はじめる前に

• Make sure you have Crowd 7.0 or later.

• You'll need access to both your Crowd instance and the application you want to connect, for example, Jira Data Center.

• During the incoming application link setup, you’ll generate client ID and client secret credentials. Save them, you'll need them during the outgoing application link setup.

Set up OAuth 2.0 directory sync in Crowd

To set up OAuth 2.0 directory sync, you need to:

• create an incoming application link

• add new application to your Crowd

• create an outgoing application link.

Creating an external incoming application link

To create an external incoming application link, in your Crowd:

1. Go to Settings, then Application links.

2. Select Create link, and then:

   1. For Application type, select External application.

   2. For Direction, select Incoming.
      
      

3. Select Continue. In the Configure an incoming link window, fill in the required fields:

   1. Enter a unique name for your link.

   2. In Redirect URL, enter the base URL of your Crowd instance.

   3. For Permissions, select Application.
      

4. 保存 を選択します。

You’ll see following OAuth 2.0 credentials: Client ID and Client secret.
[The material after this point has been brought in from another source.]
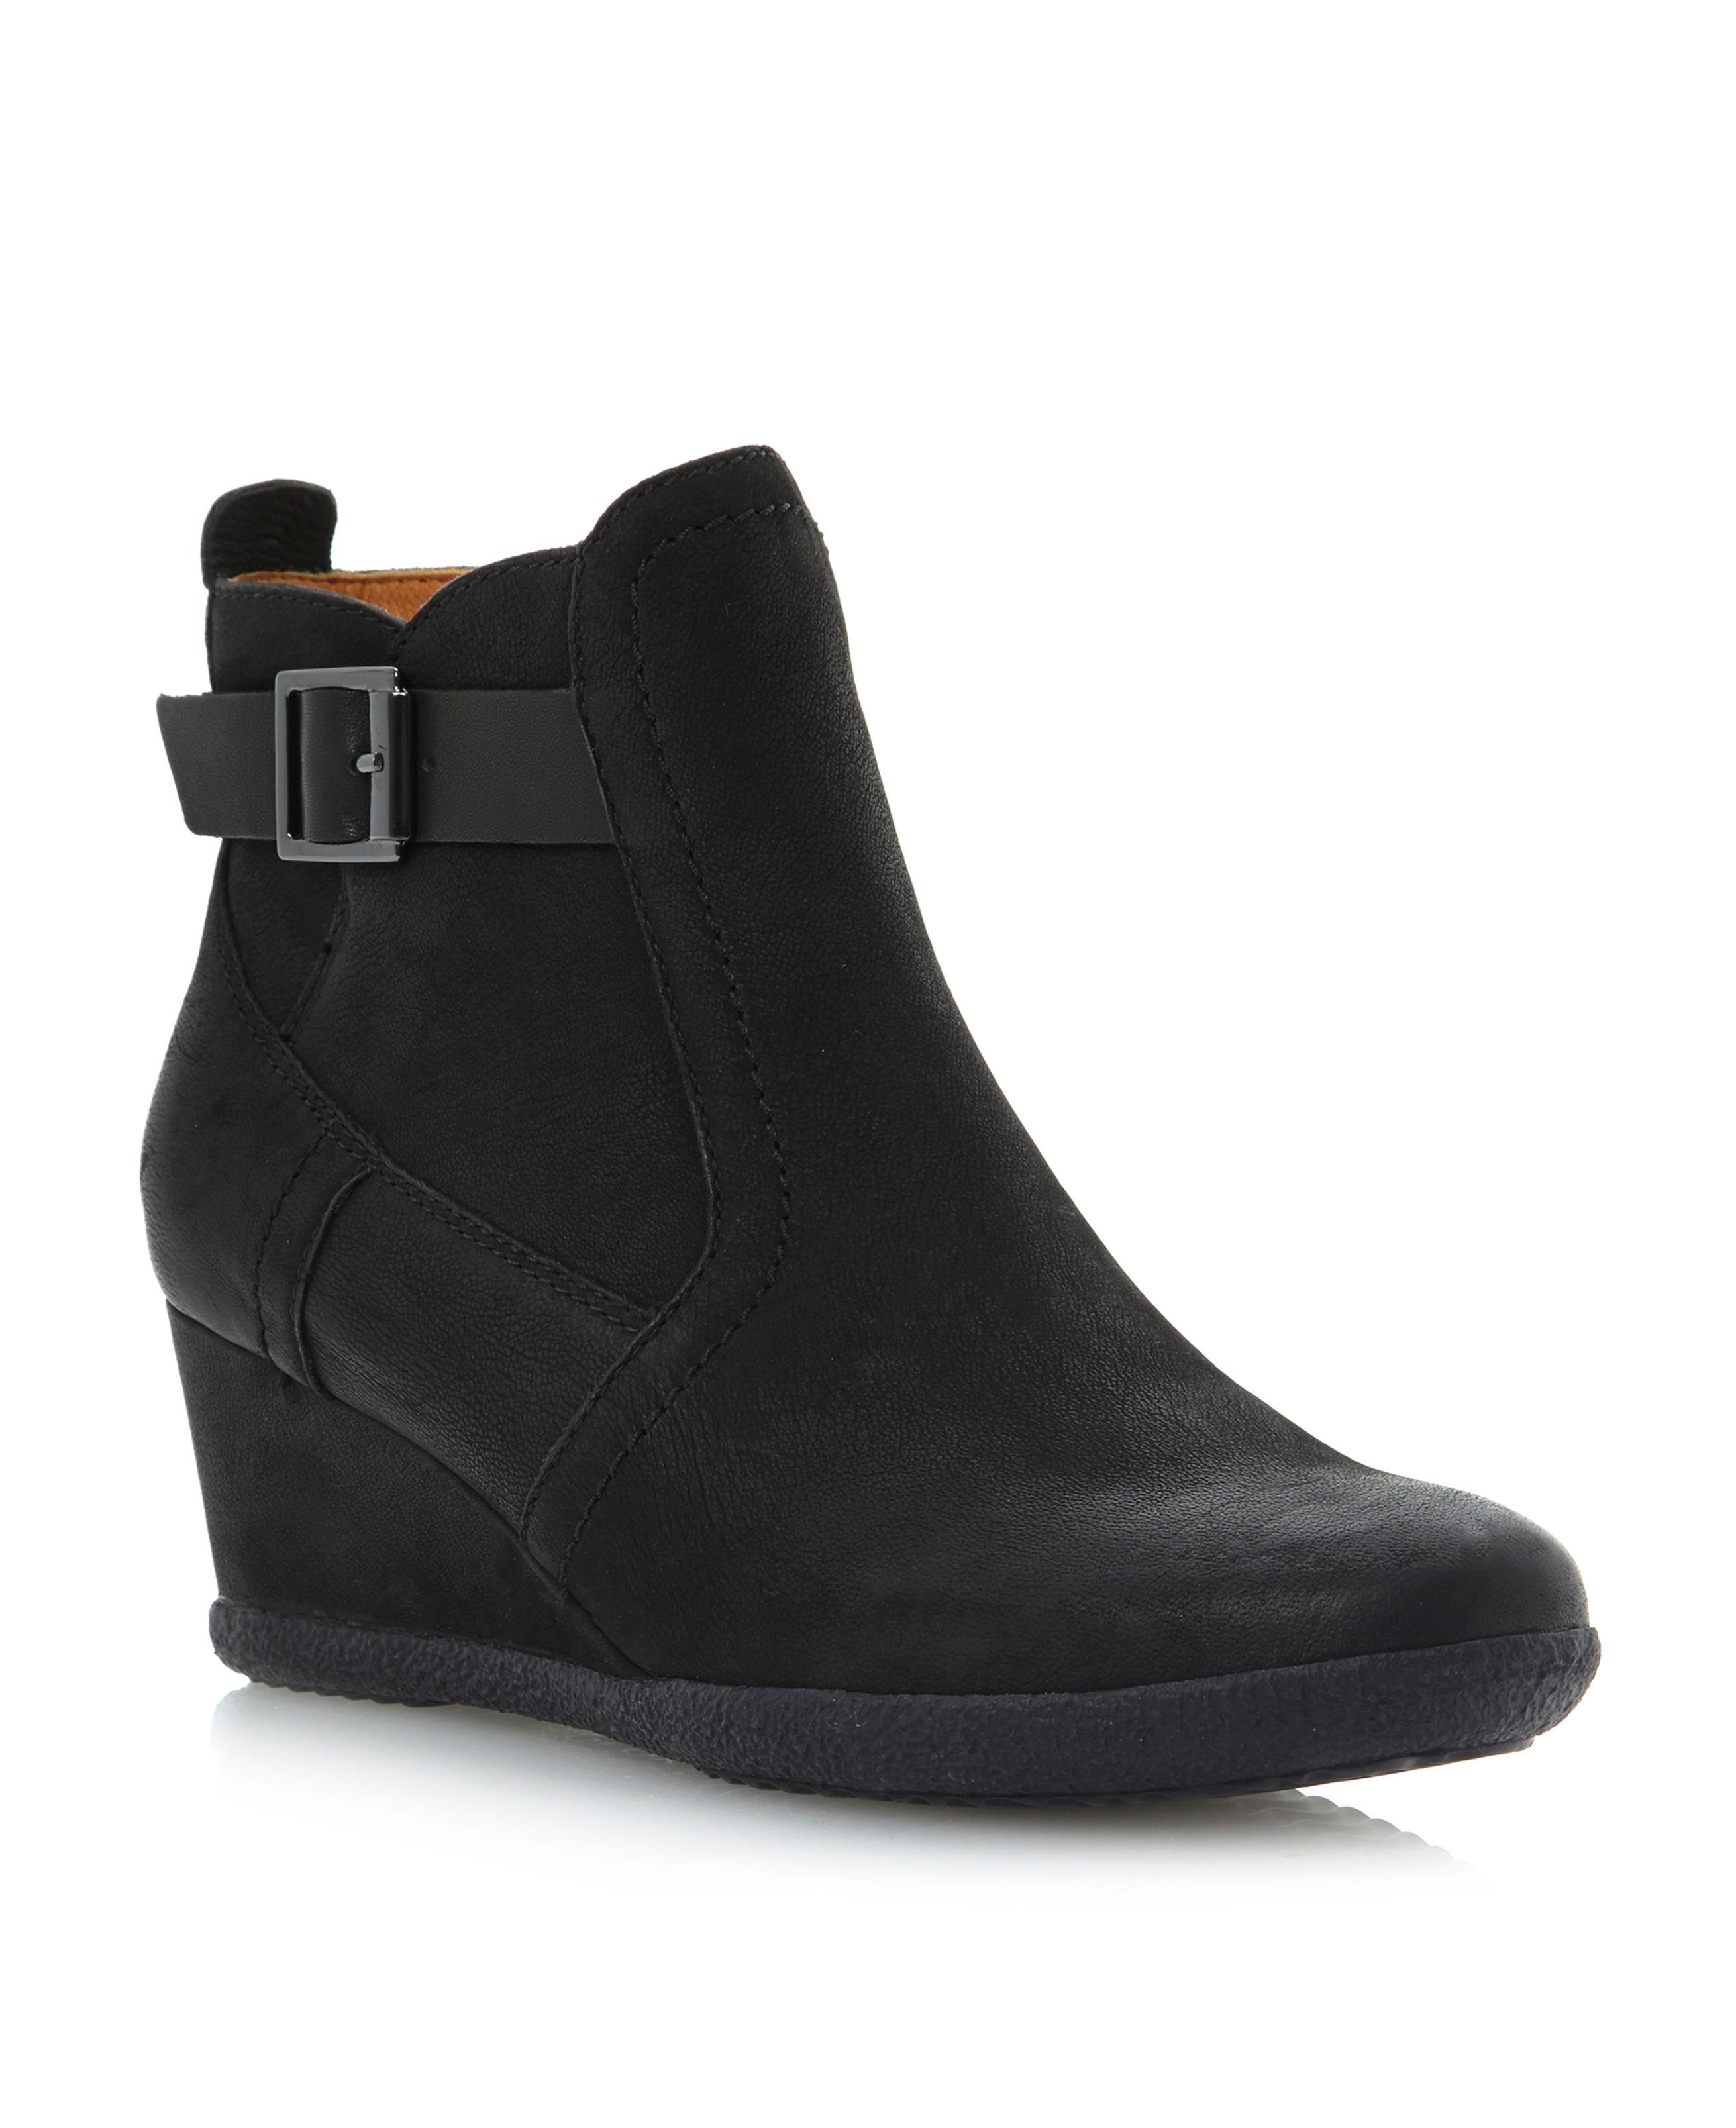 geox amelia side buckle wedge bootsy in black black suede

You’ll need to copy them to your external application during the creation of your external outgoing link.

Adding new application

To add a new application, in your Crowd:

1. In the upper-left corner of your Crowd, go to Applications.
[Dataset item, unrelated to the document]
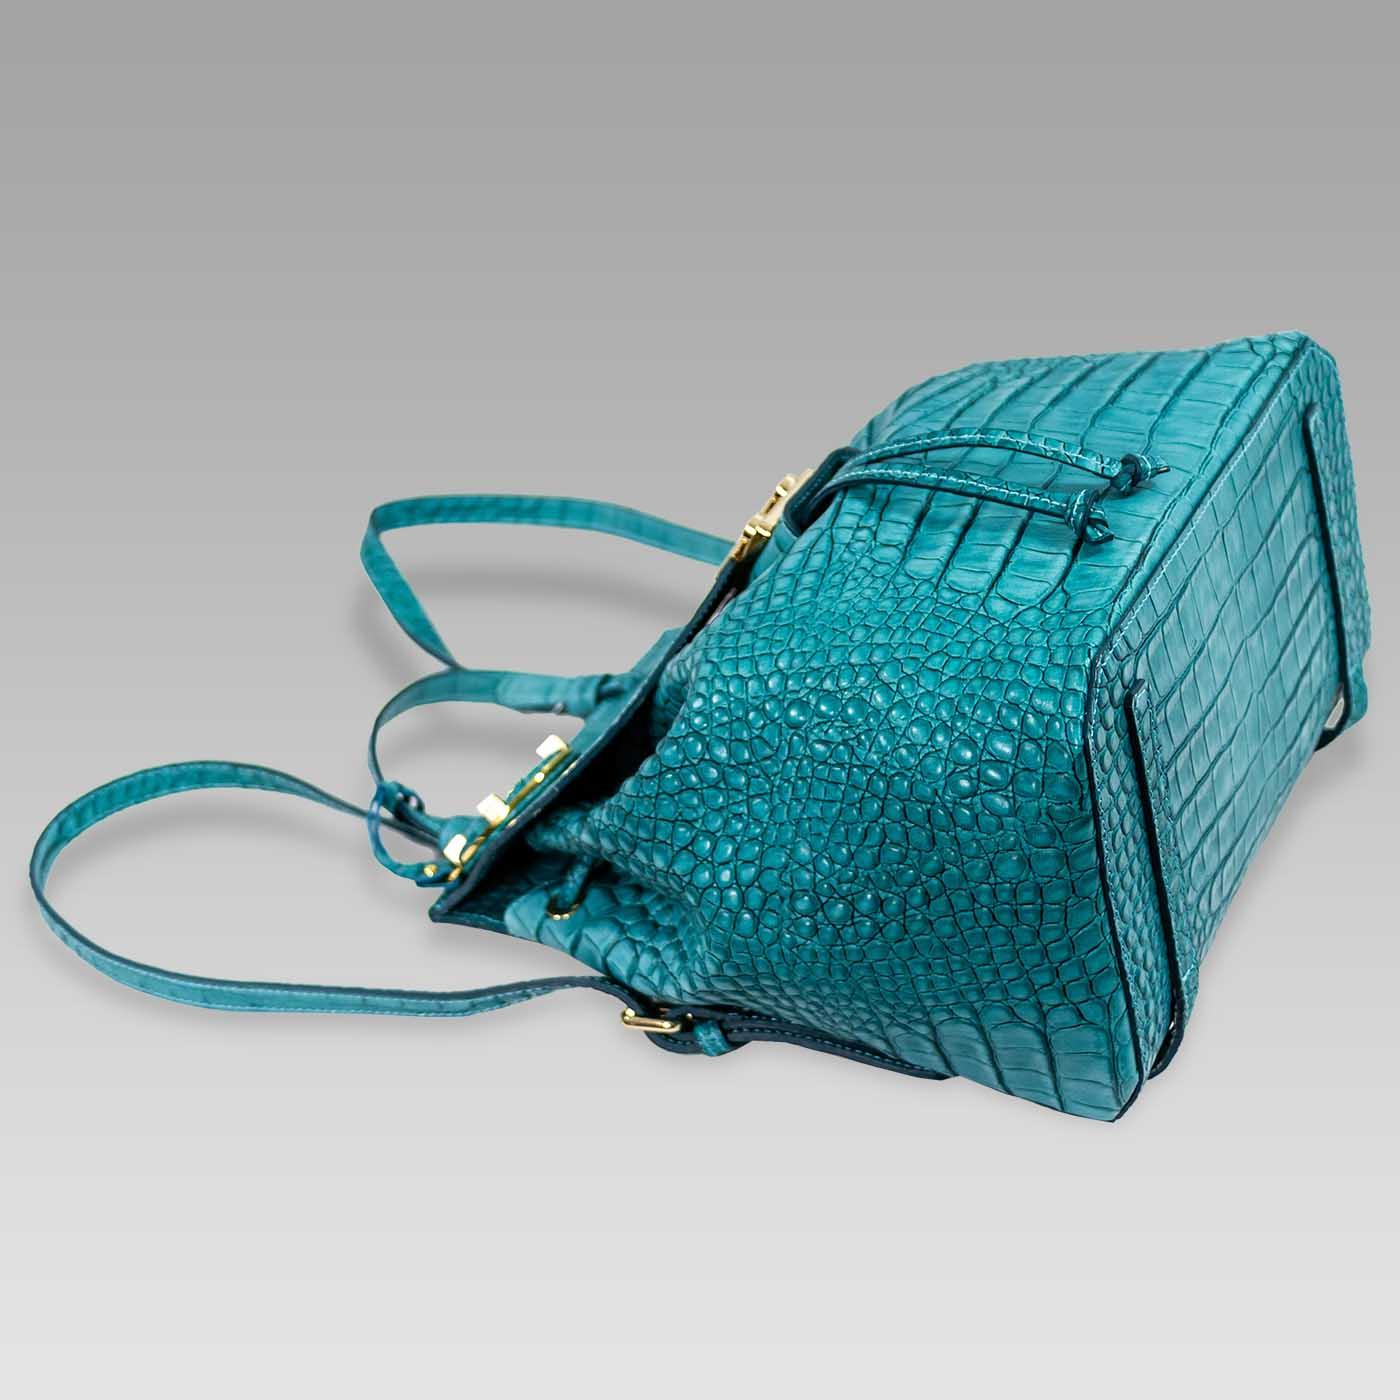 Valentino_Orlandi_Backpack_Deco_Blue_Croc_Embossed_Leather_Bucket_Bag_01VO41989CLAQ_03.jpg
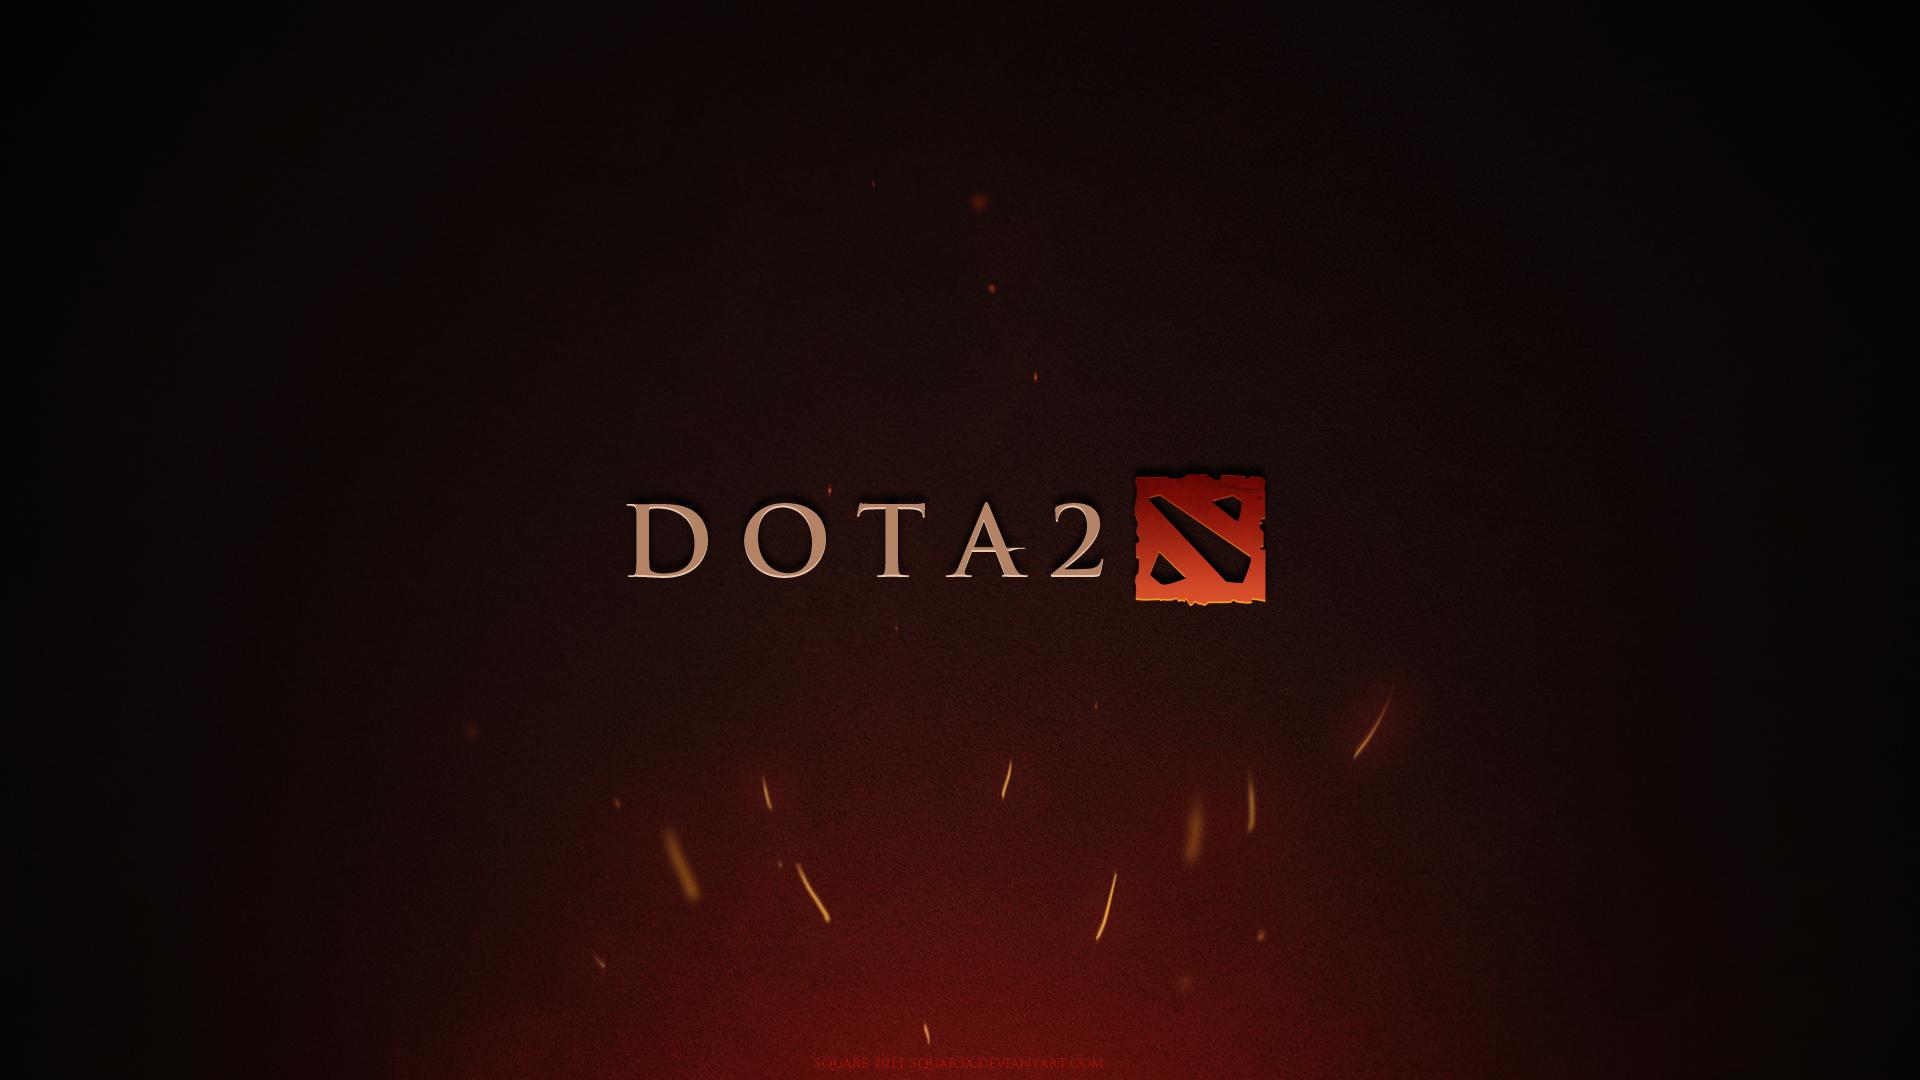 Steam Valve DotA 2 Logo   Dota 2 Wallpaper 1920x1080

2. Select Add application.

3. For Application type, choose the product you want to connect. We’ll use Jira as as example.
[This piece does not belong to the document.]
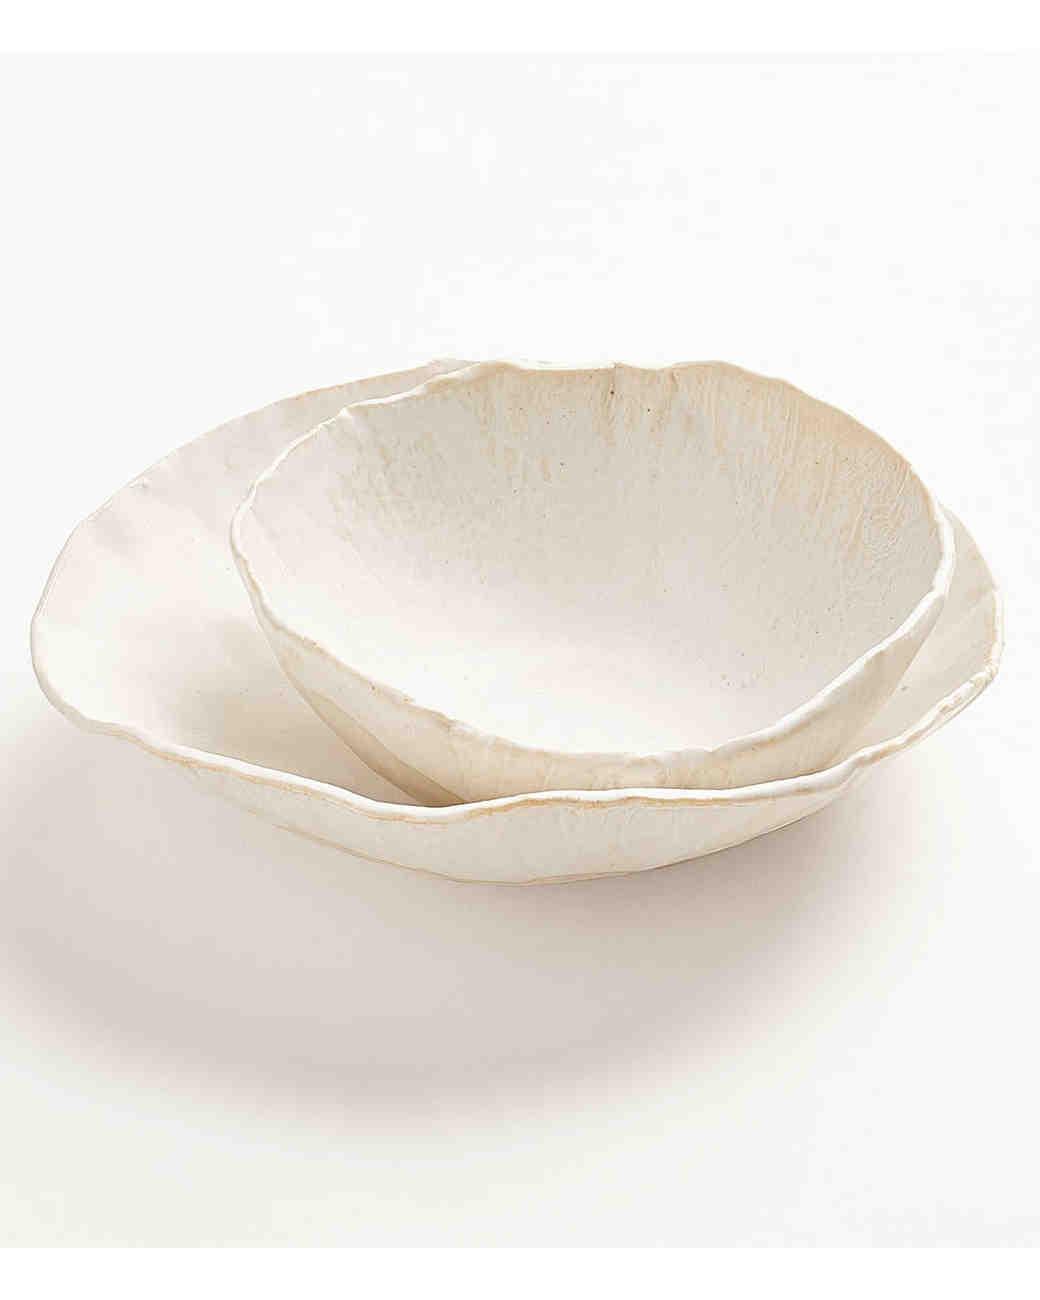 wedding-gifts-abc-home-white-ceramic-bowls-0216.jpg

4. Enter a name for the application. You’ll need this name on the application side, so save it.

5. For Authentication method, select the application link you’ve just created.
   

6. Select Next.

7. Follow the Adding an application guide starting from the step 7.
   

Once you add your application, it’s time to create an outgoing application link.

Creating external outgoing application link

To create an external outgoing application link, go to the application you want to configure (we’ll use Jira as an example):

1. Go to Settings, then Application links.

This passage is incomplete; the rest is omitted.